• Task goal
From the data that follows, print exactly the lines starting at the one containing "A large marketing" and ending at the one containing "Lot 295: Hand"; include both of them and nothing more.

*** Information ***

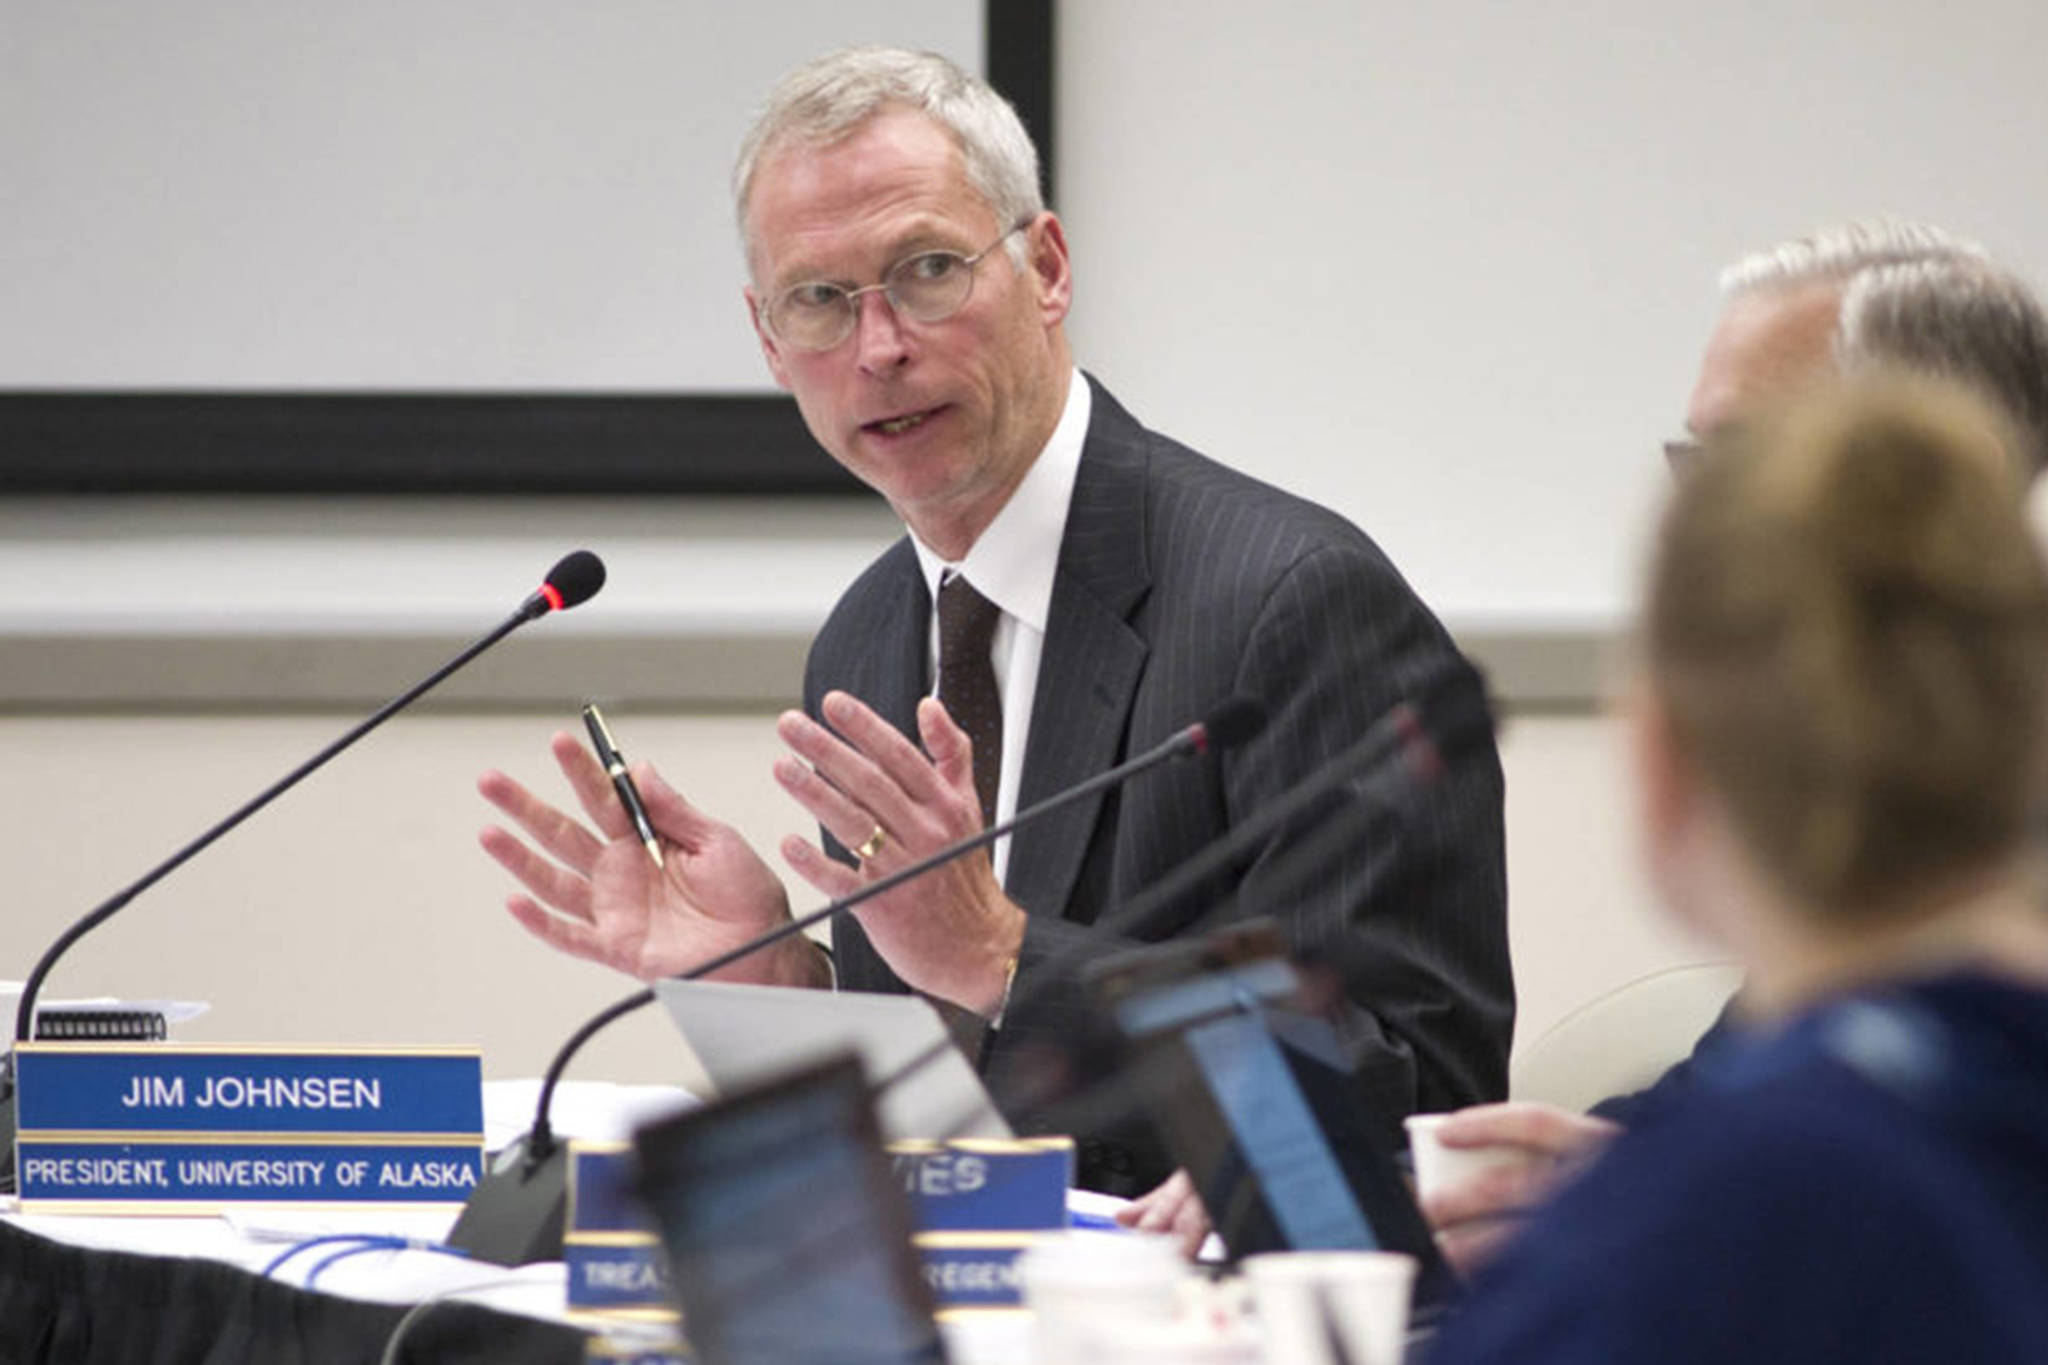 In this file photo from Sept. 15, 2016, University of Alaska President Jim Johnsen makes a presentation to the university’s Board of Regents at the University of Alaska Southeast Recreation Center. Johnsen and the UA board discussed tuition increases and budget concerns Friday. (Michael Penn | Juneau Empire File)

*** End of Information ***
*** Information ***

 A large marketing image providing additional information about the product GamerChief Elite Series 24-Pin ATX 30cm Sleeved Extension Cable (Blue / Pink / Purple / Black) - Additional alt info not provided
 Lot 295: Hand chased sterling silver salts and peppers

*** End of Information ***

• Answer section
 A large marketing image providing additional information about the product GamerChief Elite Series 24-Pin ATX 30cm Sleeved Extension Cable (Blue / Pink / Purple / Black) - Additional alt info not provided
 Lot 295: Hand chased sterling silver salts and peppers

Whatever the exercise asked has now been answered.